Deployment Architecture

Port mapping: 0.0.0.0:8230 → container:8230. The cli.py on the host connects via localhost:8230.

Volume mounts:

  • ${OPENCLAW_BASE}:/openclaw — pipeline reads host diary files written by openclaw-plugin (read-write)
  • ./data:/app/data — pipeline writes offset files and logs
  • ${AWS_CONFIG_DIR}:/root/.aws — AWS credentials (read-only, optional when using IAM Role)

AWS credentials: On EC2, both containers use the instance IAM Role via IMDS automatically. Outside EC2, set AWS_ACCESS_KEY_ID / AWS_SECRET_ACCESS_KEY in .env.

Component Responsibilities

ComponentRole
openclaw-plugin (agent_end hook)Fires after each agent turn. Writes the conversation to the agent's daily diary file (~/.openclaw/workspace-{agentId}/memory/YYYY-MM-DD.md) in real-time via writeDiaryEntry. Filters noise (greetings, short exchanges) via isNoise and cleanContent. Routes diary entries by agentId to each agent's workspace. Does not write to mem0 directly — mem0 ingestion is handled entirely by auto_digest.
auto_digest.py --todayRuns every 15 minutes. Reads only the new bytes added since the last run (tracked via auto_digest_offset.json). Sends content to mem0 in section-aligned batches (up to ~50KB each, aligned to ## diary section boundaries) with infer=True — mem0 runs internal fact extraction to produce concise memories. Offset is persisted after each successful batch, enabling crash-safe resume.
memory_sync.pyRuns daily at UTC 01:00. Syncs each agent's MEMORY.md (curated knowledge) directly to mem0 long-term memory. Hash-based dedup skips unchanged files — zero LLM cost if nothing changed.
auto_dream.py / AutoDreamRuns daily at UTC 02:00. Step 1: reads yesterday's complete diary → mem0.add(infer=True, no run_id) → long-term memory. Step 2: for each 7-day-old short-term memory, calls mem0.add(infer=True, no run_id) — mem0 LLM compares against existing long-term memories and returns a decision: ADD (new knowledge, write), UPDATE (merge with existing), DELETE (redundant, skip write), or NONE (already covered). Regardless of decision, the original short-term entry is always deleted after processing.
mem0 Memory ServiceCore service. Uses AWS Bedrock LLM for memory distillation/deduplication and Bedrock Embedding for vectorization.
Vector StorePersists memory vectors. Supports S3 Vectors, OpenSearch, or pgvector as the backend. Score normalization is applied at the service layer — see Score Normalization Layer below.
SKILL.md → RetrievalOn new agent sessions, reads SKILL.md, queries mem0 for relevant memories, and injects them as context.

Score Normalization Layer

Vector stores return scores with inconsistent semantics — OpenSearch returns similarity (higher = better), while pgvector and S3 Vectors return cosine distance (lower = better).

The service applies a normalization layer in server.py (_normalize_scores()) that converts all scores to a unified similarity scale [0, 1] before min_score filtering, time-decay blending, or returning results to callers. This abstraction ensures that upstream logic (ranking, filtering, audit logging) is vector-store-agnostic.

Pipeline Timeline (UTC)

Real-time     openclaw-plugin     — agent_end hook → diary files  (no mem0 write)
Every 15 min  auto_digest --today — diary new bytes → mem0 short-term  (infer=True, fact extraction)
01:00         memory_sync         — MEMORY.md → mem0 long-term  (curated knowledge, instant)
02:00         auto_dream          — Step1: yesterday diary → long-term (infer=True)
                                    Step2: 7-day-old short-term → re-add (infer=True) + delete

Memory Tiering: Who Decides Long vs. Short-Term?

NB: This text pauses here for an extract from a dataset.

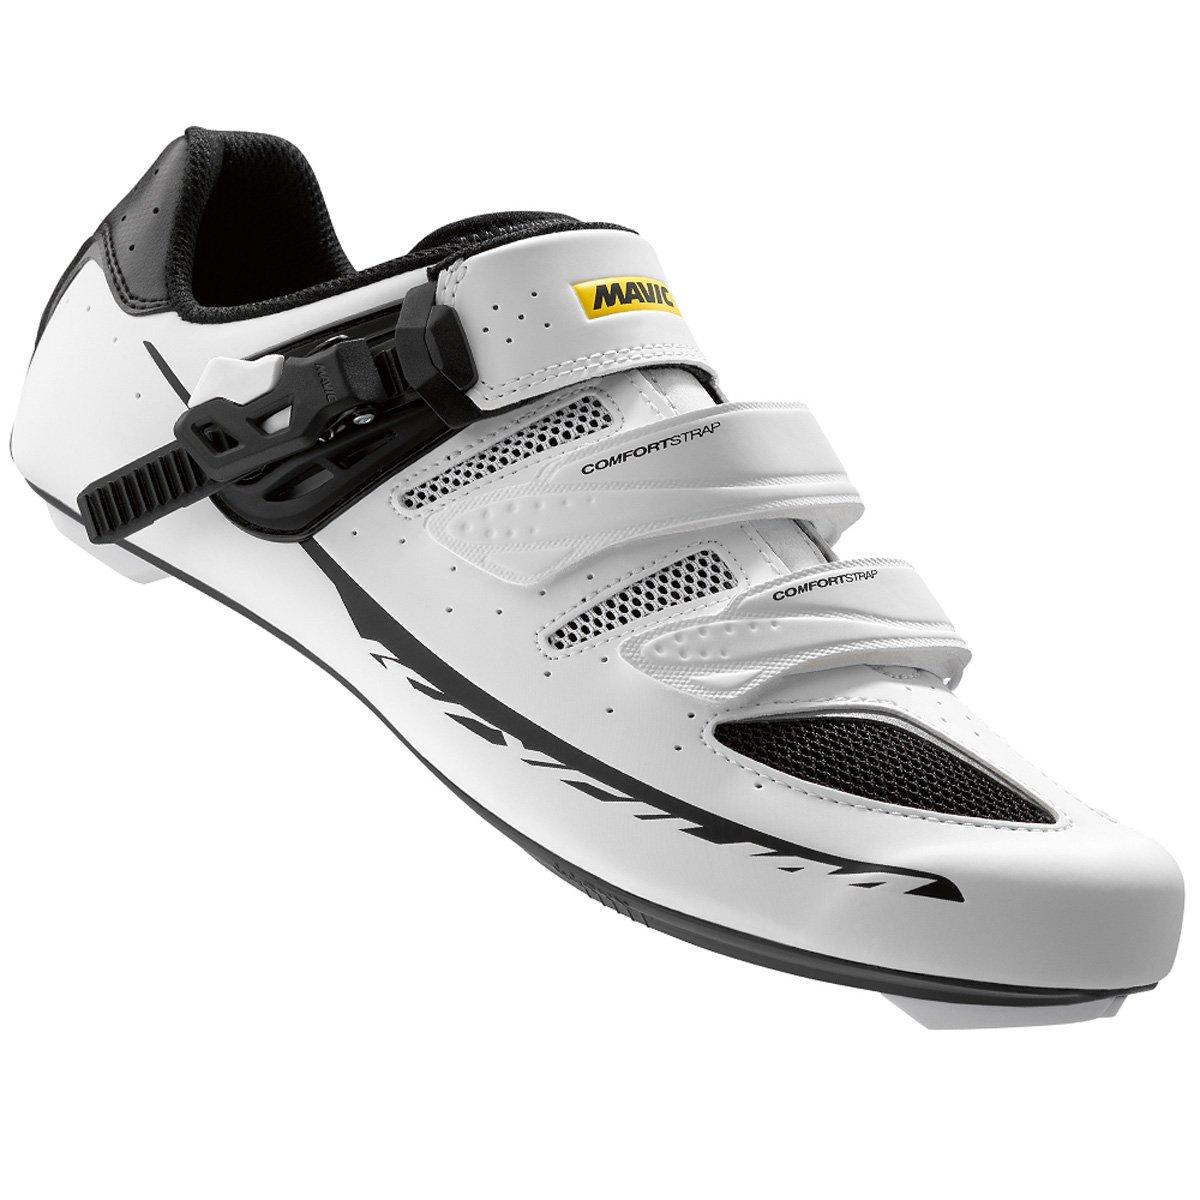 Mavic Ksyrium weiß Elite Maxi Rennrad Fahrrad Schuhe weiß Ksyrium schwarz 2017 6076f2
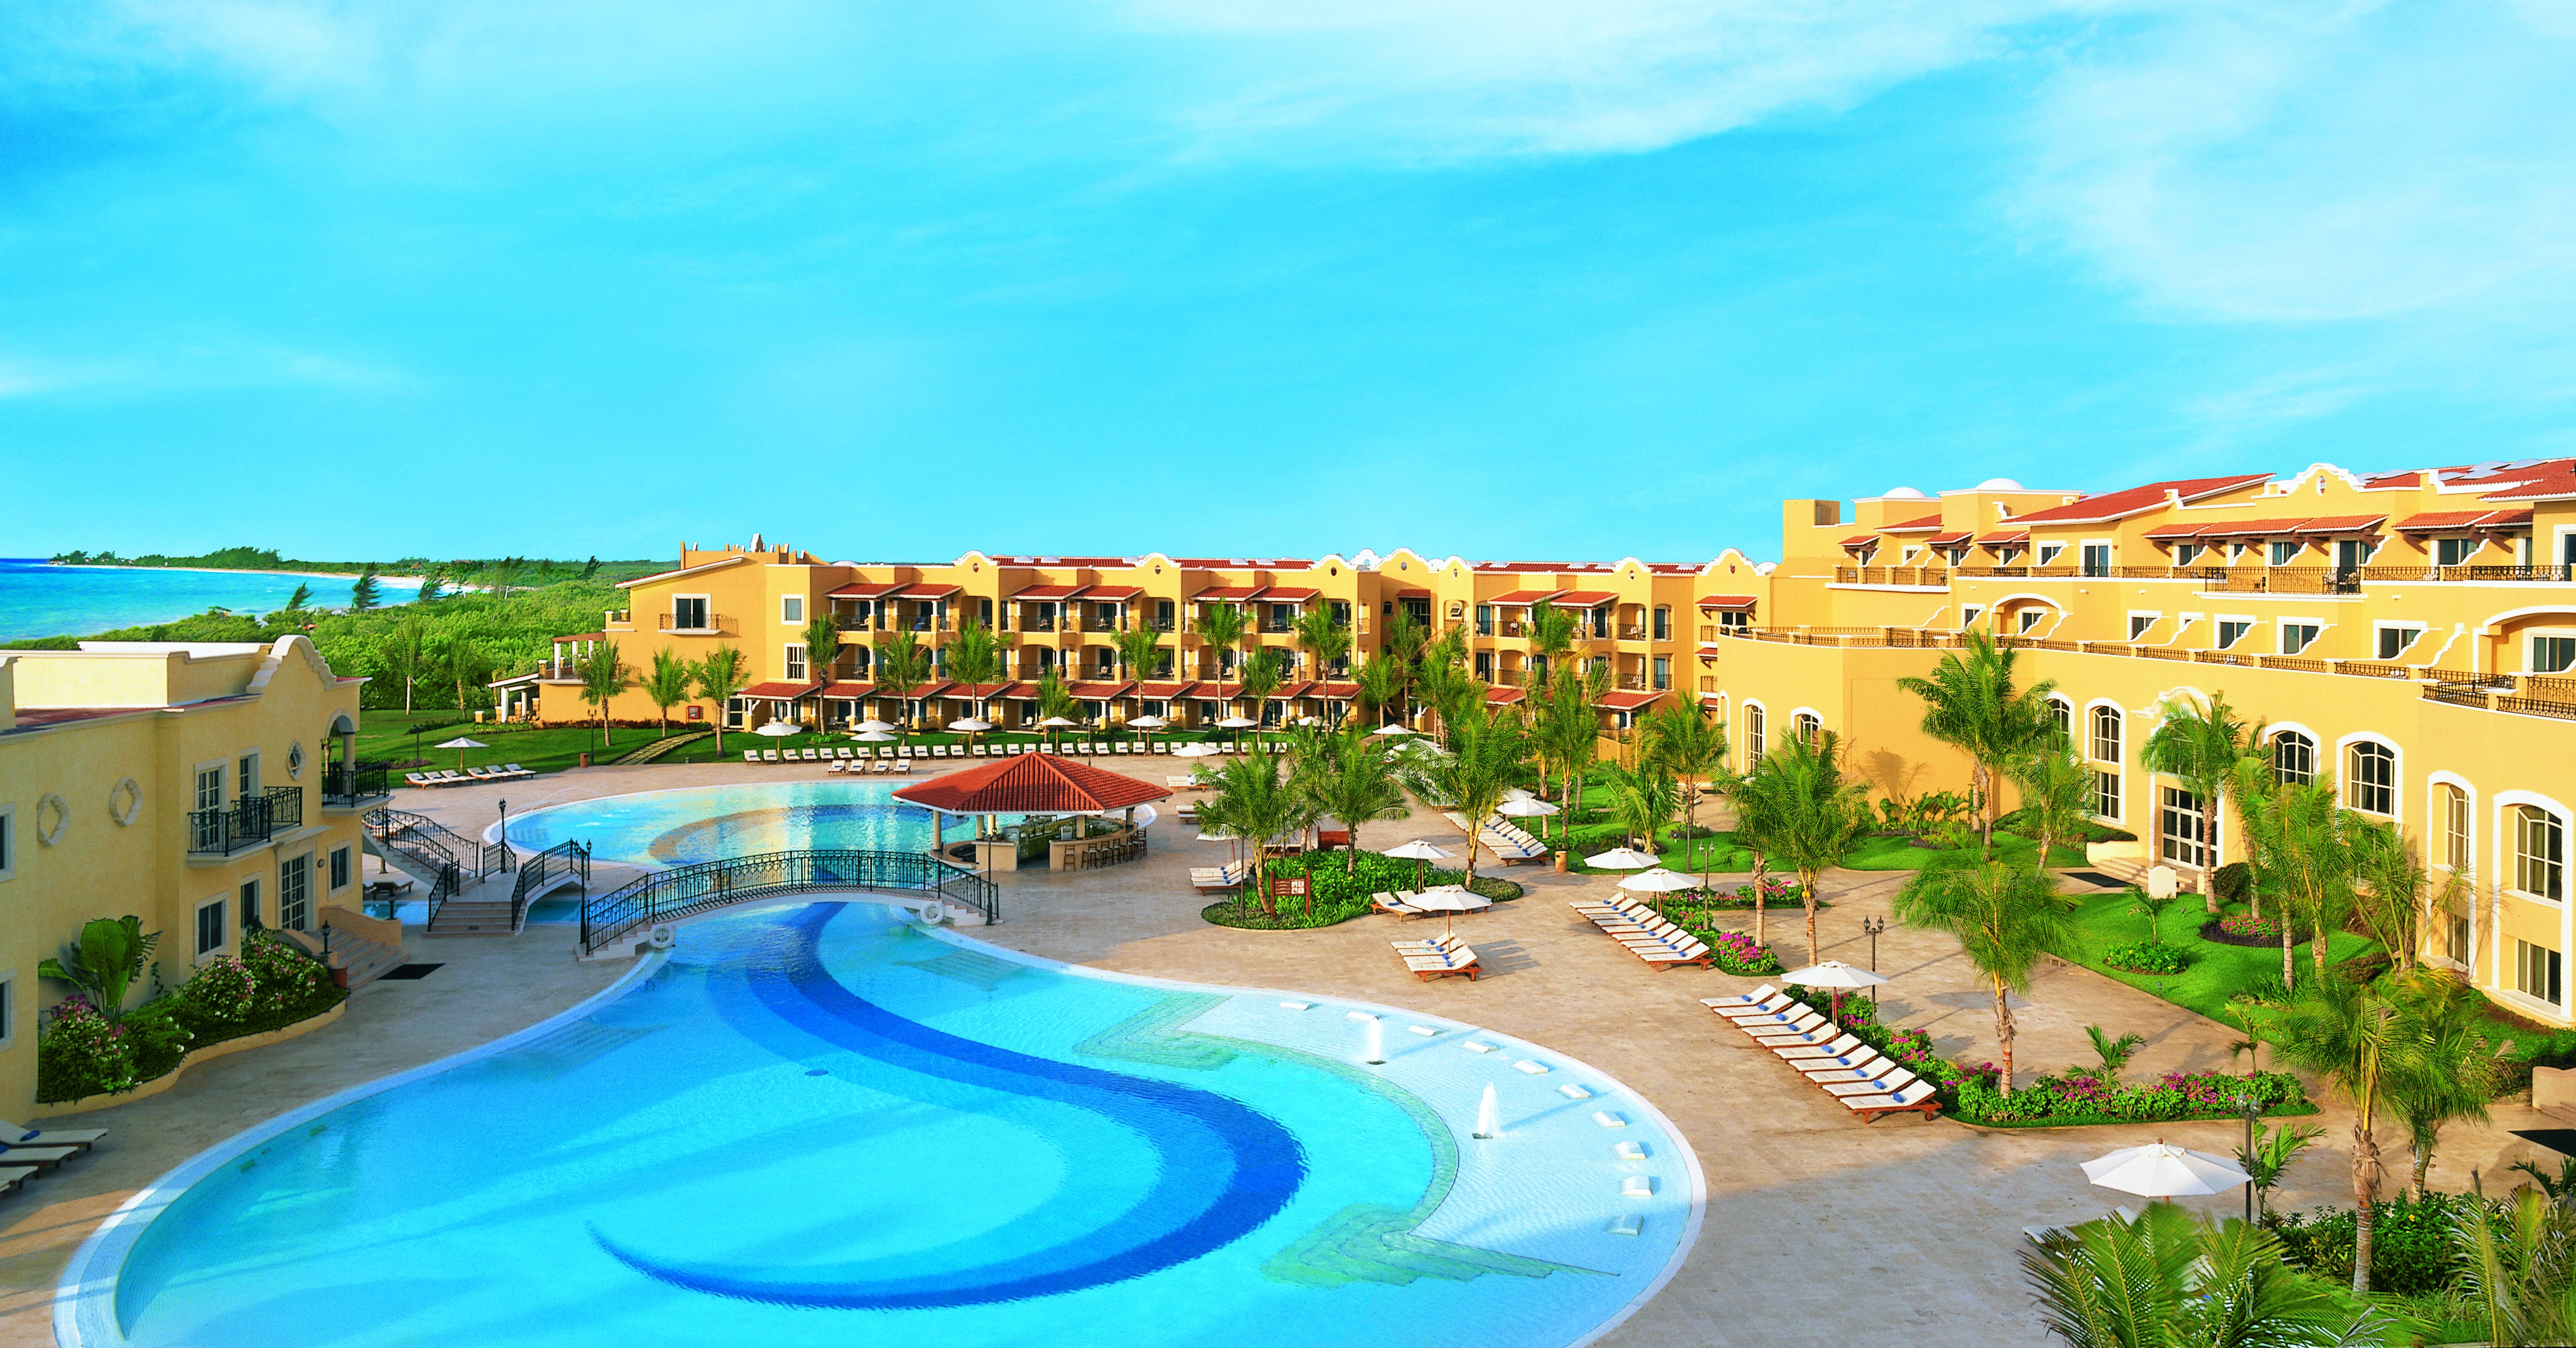 196e0363a80c Swimming pool at Secrets Capri Riviera Cancun in Riviera Maya Mexico ...

mem0 itself has no concept of short-term or long-term — it stores everything permanently by default. The distinction is entirely controlled by whether run_id is present when writing.

Short-termLong-term
run_idYYYY-MM-DD (date string)absent
Written byauto_digest.py --today (automated)Agent explicitly, memory_sync.py, or auto_dream.py / AutoDream (consolidated via infer=True)
Lifetime7 days → consolidated by auto_dreamPermanent
Typical contentDaily discussions, task progress, temp decisionsTech decisions, lessons learned, user preferences

Three paths to long-term memory

Path 1 — memory_sync.py (daily UTC 01:00, from MEMORY.md)

Each agent's MEMORY.md is the highest-quality memory source — curated directly by the agent during heartbeats. memory_sync.py syncs it to mem0 long-term memory every day at UTC 01:00, with hash-based dedup to avoid redundant LLM calls.

This is the fastest path: important decisions and lessons reach long-term memory the same day, without waiting for the 7-day archive cycle.

Path 2 — auto_dream.py / AutoDream (daily UTC 02:00)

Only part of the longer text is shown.